Prerequisites & Notation

This chapter builds directly on the probability-space framework from Chapter 1. The following should be fluent before proceeding.

Probability space $(\Omega, \mathcal{F}, \mathbb{P})$ : sample space, $\sigma$ -algebra, probability measure(Review ch01)
Self-check: Can you verify that a candidate function $\mathbb{P}$ satisfies the three Kolmogorov axioms?
Set operations: union, intersection, complement, difference, De Morgan's laws(Review ch01)
Self-check: Can you prove $\mathbb{P}(A \cup B) = \mathbb{P}(A) + \mathbb{P}(B) - \mathbb{P}(A \cap B)$ from the axioms?
Countable additivity and its consequences: monotonicity, continuity of $\mathbb{P}$ (Review ch01)
Self-check: If $A_n \uparrow A$ , can you explain why $\mathbb{P}(A_n) \to \mathbb{P}(A)$ ?
The Borel-Cantelli lemma (first half)(Review ch01)
Self-check: State conditions under which $\mathbb{P}(\limsup A_n) = 0$ .

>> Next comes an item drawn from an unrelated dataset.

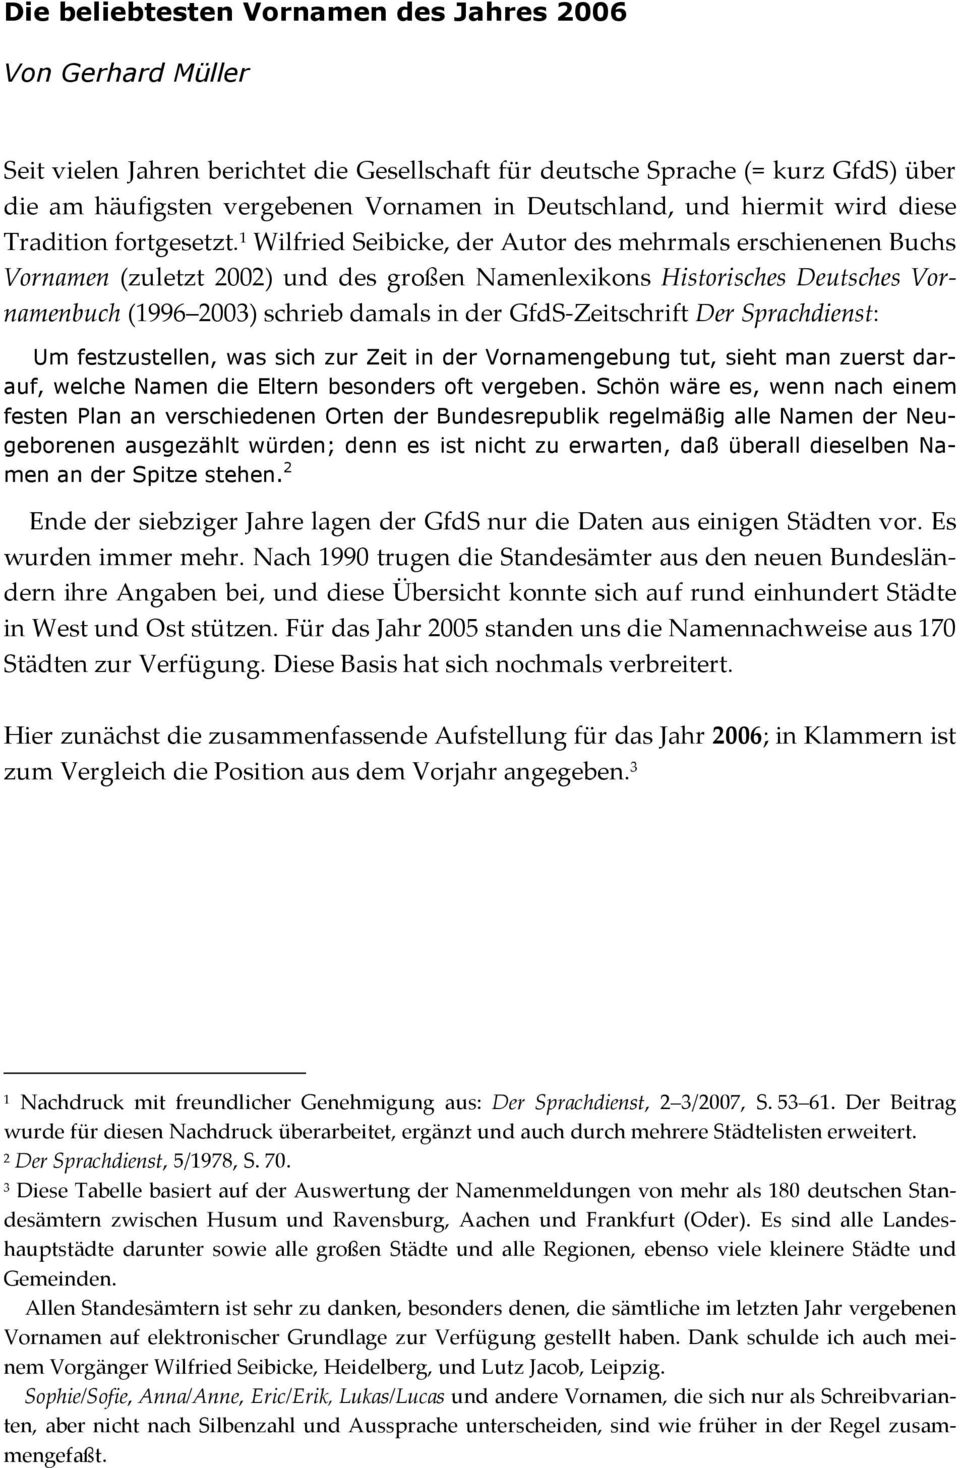 1 Wilfried Seibicke, der Autor des mehrmals erschienenen Buchs Vornamen (zuletzt 2002) und des großen Namenlexikons Historisches Deutsches Vornamenbuch (1996 2003) schrieb damals in der
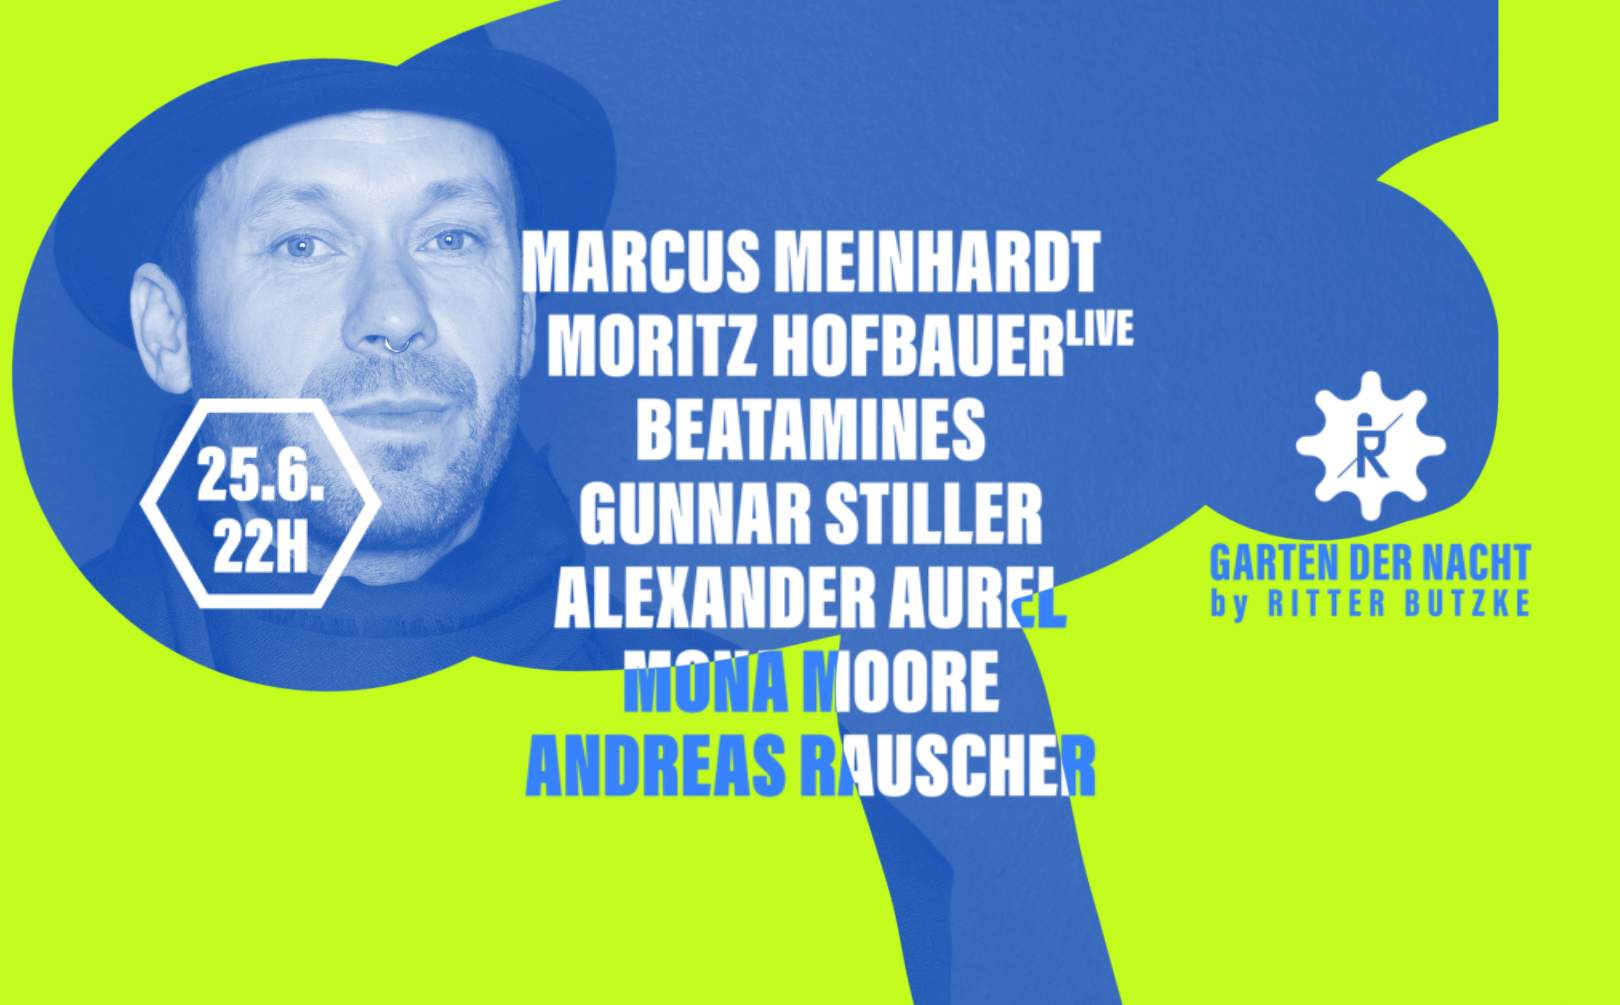 Marcus Meinhardt & Moritz Hofbauer (live) at Garten der Nacht - フライヤー表

Symbols introduced or prominently used in Chapter 2. See the master notation table for the full library-wide list.

Symbol	Meaning	Introduced
$\mathbb{P}(A \mid B)$	Conditional probability of $A$ given $B$	s01
$\{B_i\}_{i=1}^n$	Partition of $\Omega$ : pairwise disjoint events whose union is $\Omega$	s02
$n, k$	Trial count and success count (repeated Bernoulli trials)	s05
$p$	Success probability in a single Bernoulli trial	s05
$\binom{n}{k}$	Binomial coefficient $n!/[k!(n-k)!]$	s05